Bug 4: Error State That Ate the Form
The CRUD error handling set error = "Failed to add: ..." on failures. The template used {:else if error} to show an error alert — which meant any failed add/toggle/delete replaced the entire todo form with the alert. The user had to refresh to get the form back.
The fix was to stop mixing fatal errors (load failure — should block the UI) with transient errors (write failure — should be a notification). Toast notifications handle the transient case; error state is now only set on fatal load failures.
The Demo App
The plugin ships with a two-panel demo that makes the local vs. remote difference tangible:
- Left panel: Local SQLite. Writes are instant.
-
Right panel: Turso embedded replica. Enter your
syncUrland auth token, click Connect. Writes go to Turso — you can watch the latency.

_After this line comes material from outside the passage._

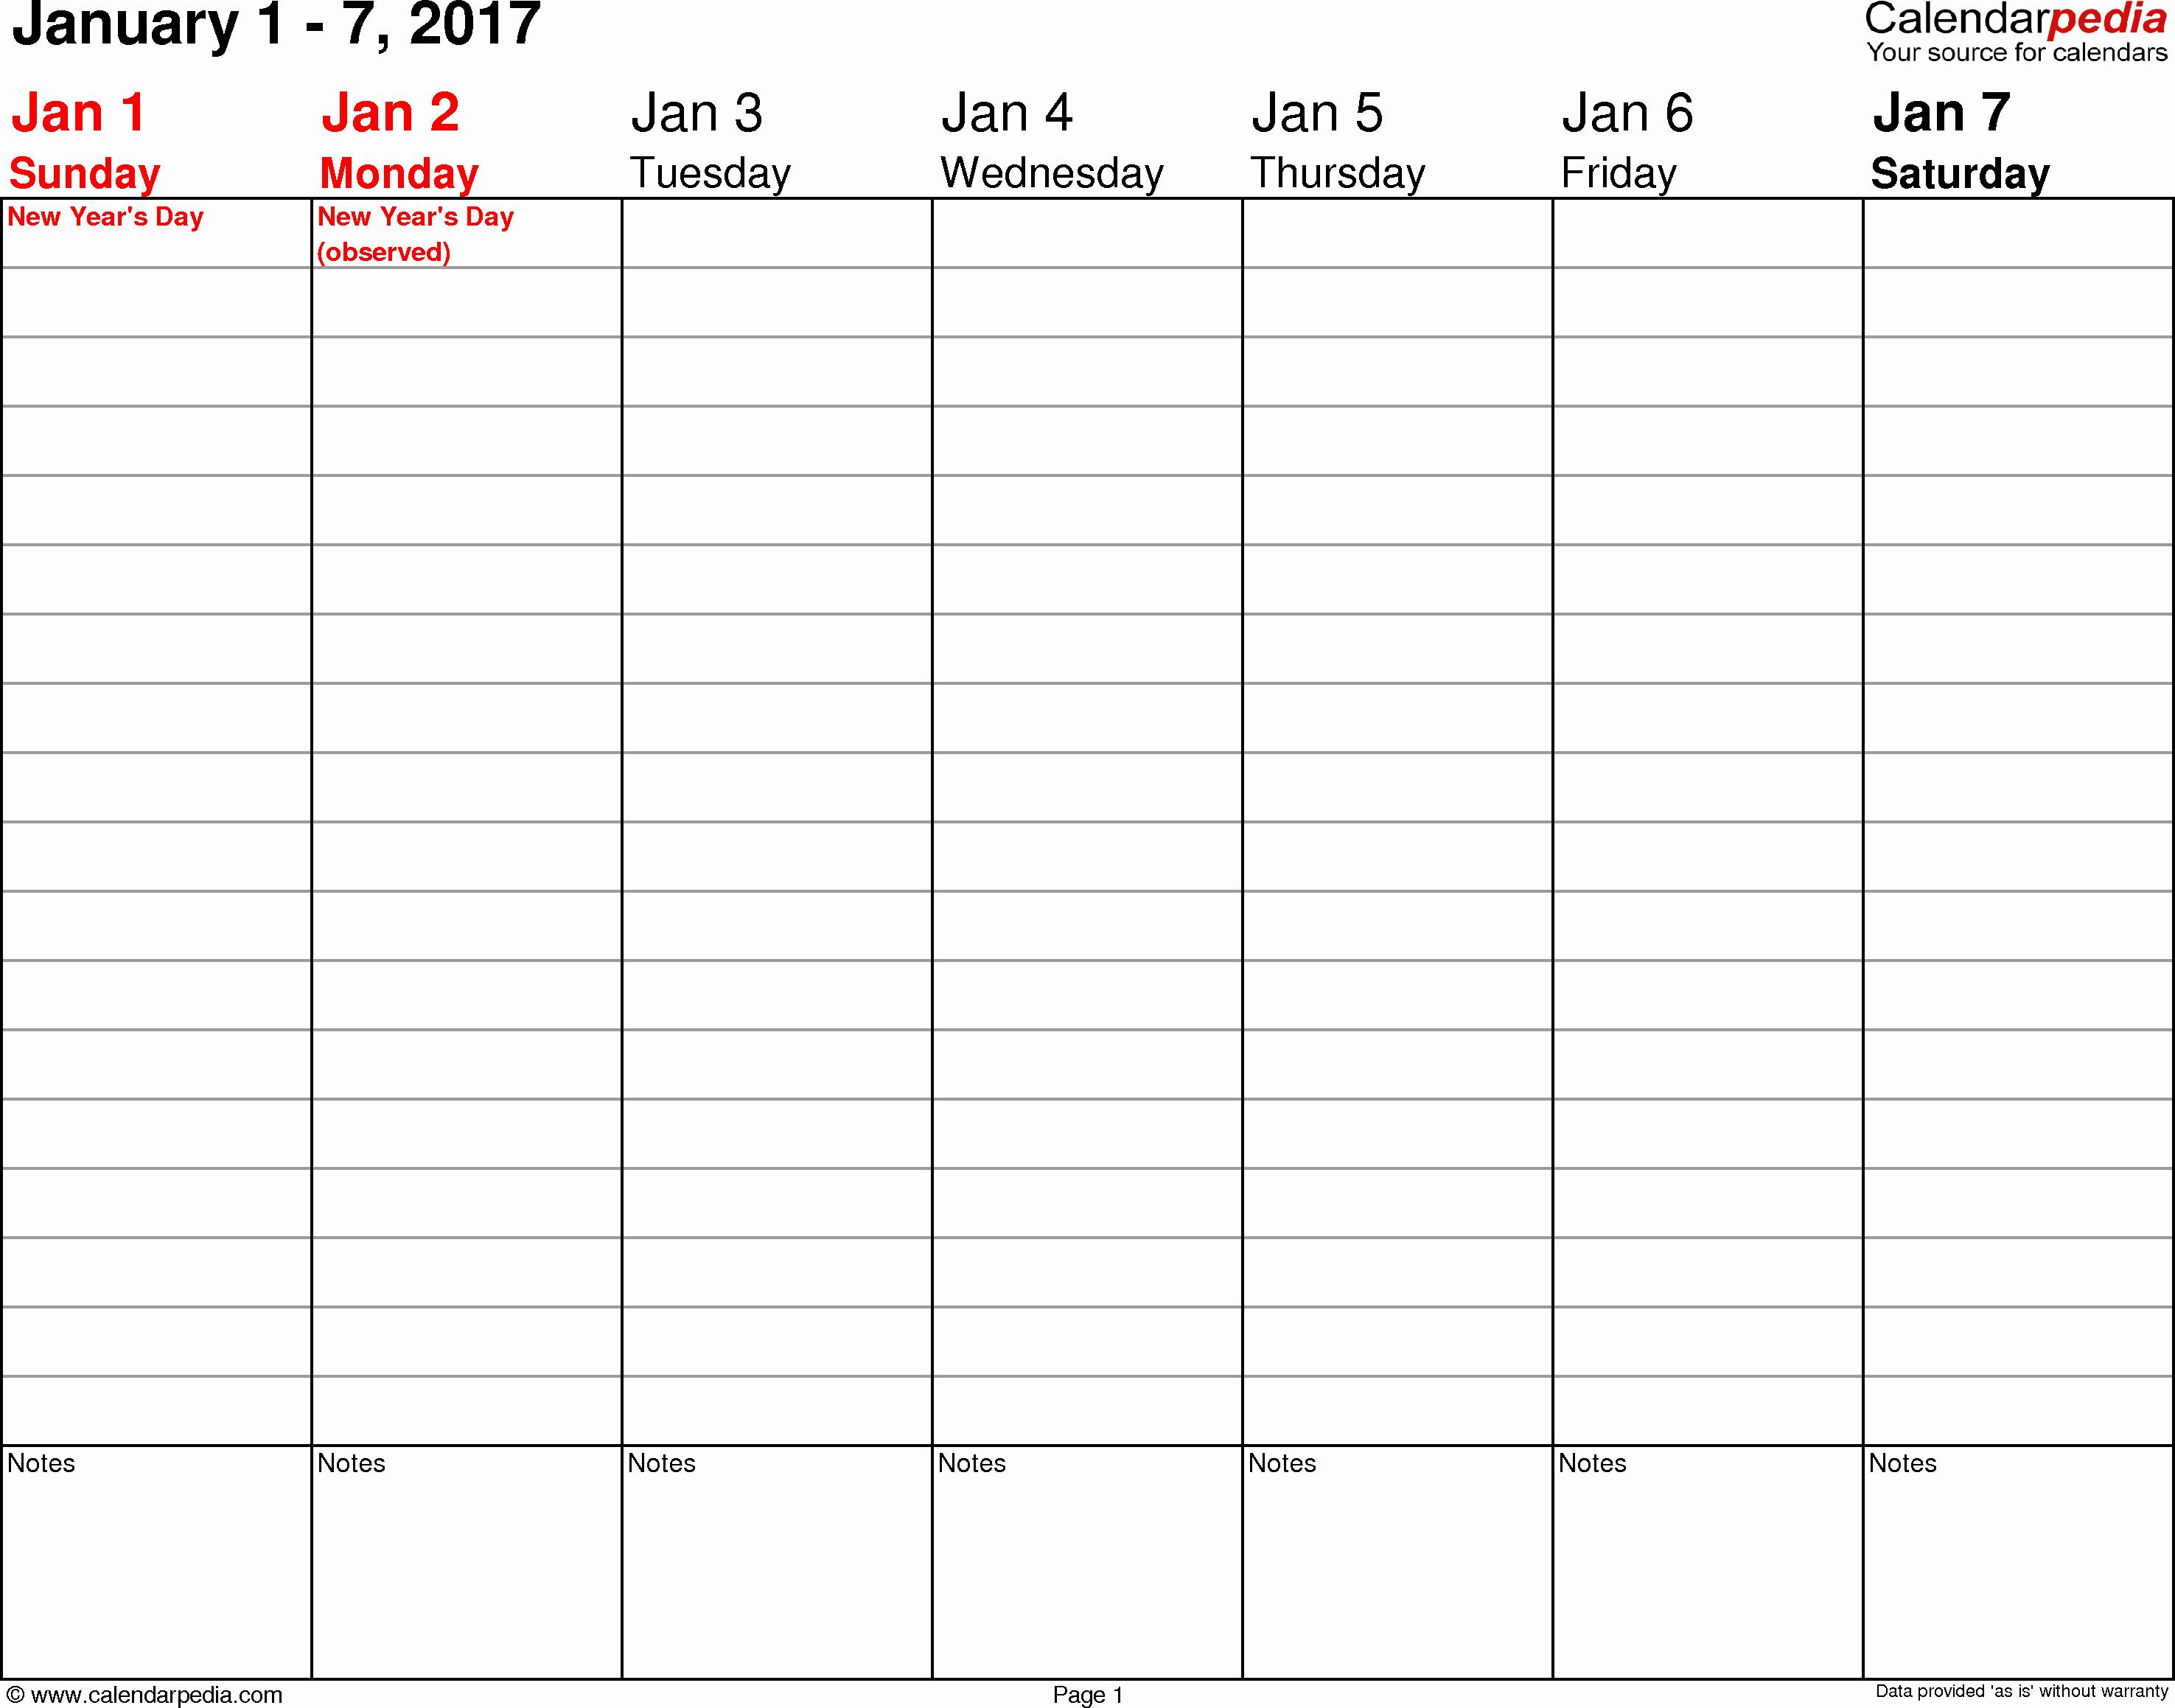 Free Printable Weekly Calendars 2017 Unique Weekly Calendar 2017 for Pdf 12 Free Printable Templates

Both panels share the same TodoList.svelte component. The difference is just which props are passed:
<!-- Local: instant writes -->
<TodoList dbFile="todos.db" position="bottom-left" />
<!-- Turso: network-latency writes -->
<TodoList
dbFile="todos-turso.db"
syncUrl={appliedSyncUrl}
authToken={appliedAuthToken}
position="bottom-right"
onDisconnect={handleDisconnect}
/>
The position prop routes sonner toasts to different corners so you can see which panel's events are which.
Installation
If you want to try it:
# src-tauri/Cargo.toml
[dependencies]
tauri-plugin-libsql = "0.1.0"
# For Turso sync:
tauri-plugin-libsql = { version = "0.1.0", features = ["replication"] }
npm install tauri-plugin-libsql-api
// src-tauri/src/lib.rs
tauri::Builder::default()
.plugin(tauri_plugin_libsql::init())
.run(tauri::generate_context!())
.expect("error while running tauri application");
The source is on GitHub. Contributions welcome, especially testing on Windows and Linux.
What's Next
A few things I'd like to add:
-
Auto-sync on network reconnect — Tauri has network status events;
db.sync()could fire automatically - Conflict visibility — embedded replica is last-write-wins with no conflict UI
- iOS/Android testing — the mobile stubs exist but haven't been verified
If you're building a Tauri app and have hit the same walls with the official SQL plugin, give it a try.